Individual household electric power consumption [UCI MLR]
The dataset used here is a sample from the original dataset that encompasses a longer time period; it only contains the energy consumption data from January 2007. Normally the dataset contains a measurement for every minute, but if a given measurement was not executed for some reason, the timestamp is present without data. Such missing values can be substituted with defined values, e.g. with the average of the values present in the given attribute, or a decision to leave out the records connected to them can be made. However, dealing with inconsistent values is a more complex issue. In given fields, intervals can be defined into which the values of the attributes can fall, but in other cases, one must relay on other kinds of background information.
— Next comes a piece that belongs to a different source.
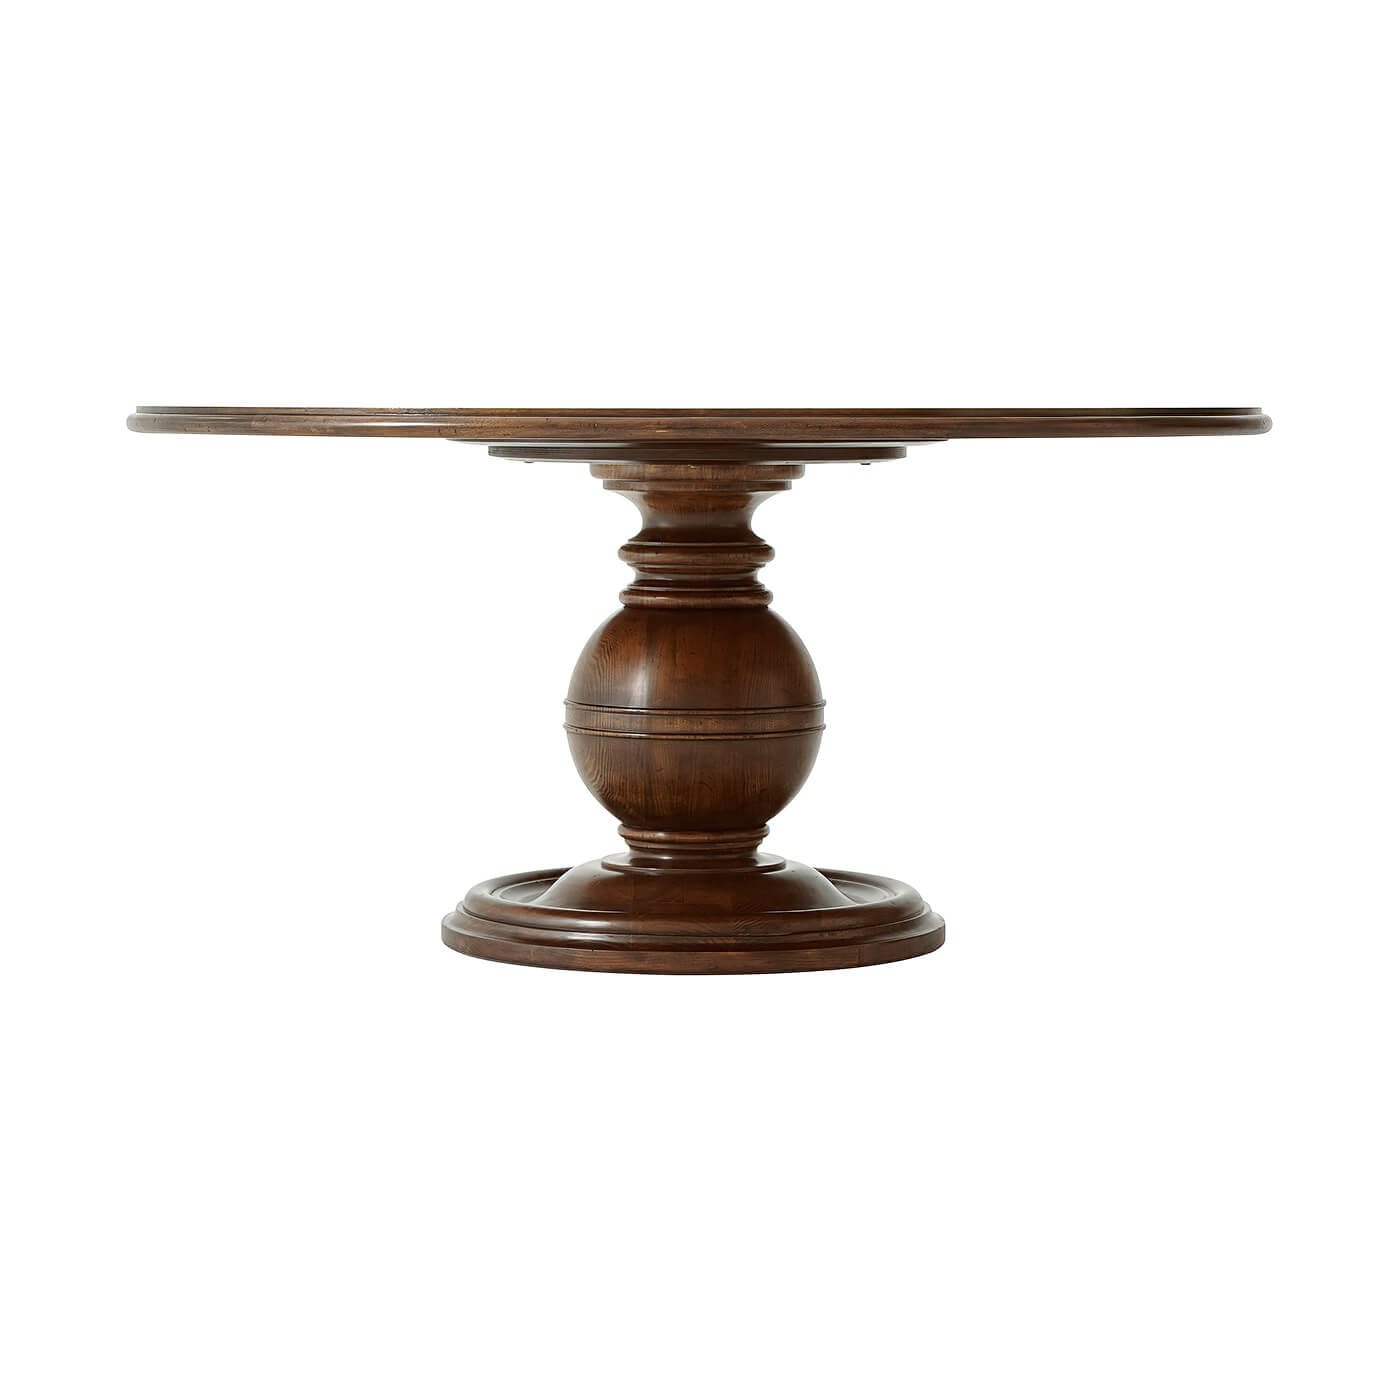 French Art Deco Style Dining Table - English Georgian America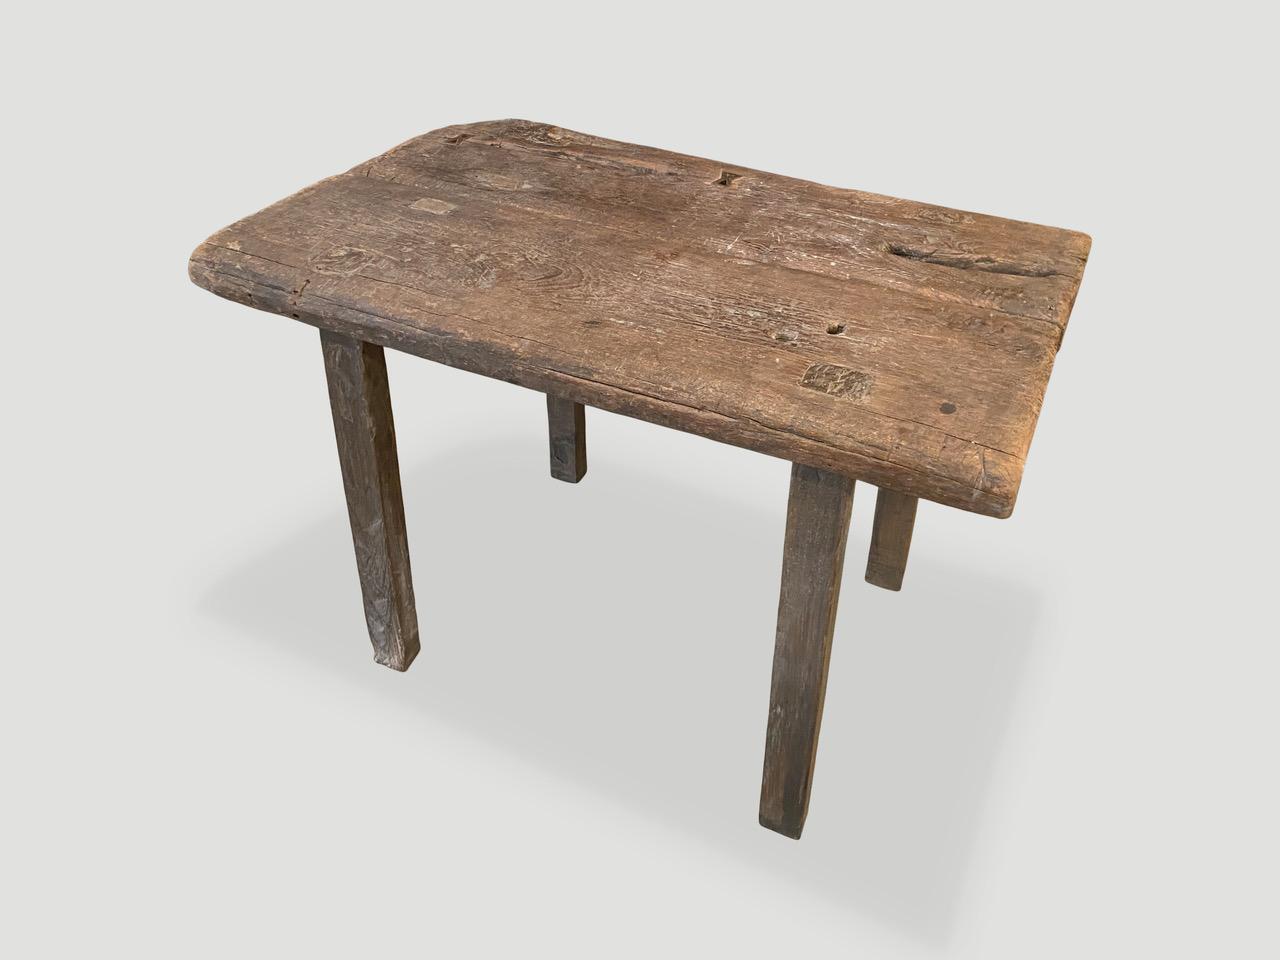 Antique hand carved Wabi Sabi side table or small console table. We cut a single thick panel of teak and joined them together and added butterfly detail to the top. Beautiful soft rounded edges on this two inch thick, aged teak wood, celebrating the

For example, let us suppose that the members of the household, in which the measurements took place, do not fly with the owls. Based on this, consider the following representation of the data:
On the figure, colors are assigned based on the values of the variable Sub_metering_1, which represents the energy consumption of the tools in the kitchen, and as the x axis is time, it can be seen that some of the outstanding kitchen consumption values have been measured late at night. This can also be seen in the data view, if the data are ordered according to the kitchen consumption values:
If the members of the household are indeed not flying with the owls, these data can be considered inconsistent based on our background knowledge, and they can be filtered out as follows. Formulating our condition, let us assume that if the values of a measurement in the kitchen exceeds 50 Wh at a point of time after 10 p.m., this is considered a piece of inconsistent data. Based on this, the filtering condition can easily be defined, but first, the time attribute has to be converted, as by default, it is stored in a nominal variable, in the format hh:mm:ss, which can only be compared for equality. Using the appropriate operators, it can be splitted into the components hour, minute, and second, interpreted as numbers. The filtering condition can be defined using the Time_1 variable from among these, which contains the hour component:
Using such filters, the records belonging to inconsistent data can be filtered out, and also, by using the appropriate operator, duplicate records can be filtered out as well - it can also be defined based on the equality of which attribute set they are to be considered duplicate - from the dataset, and after this, the actual processing of the filtered and/or refined records can begin.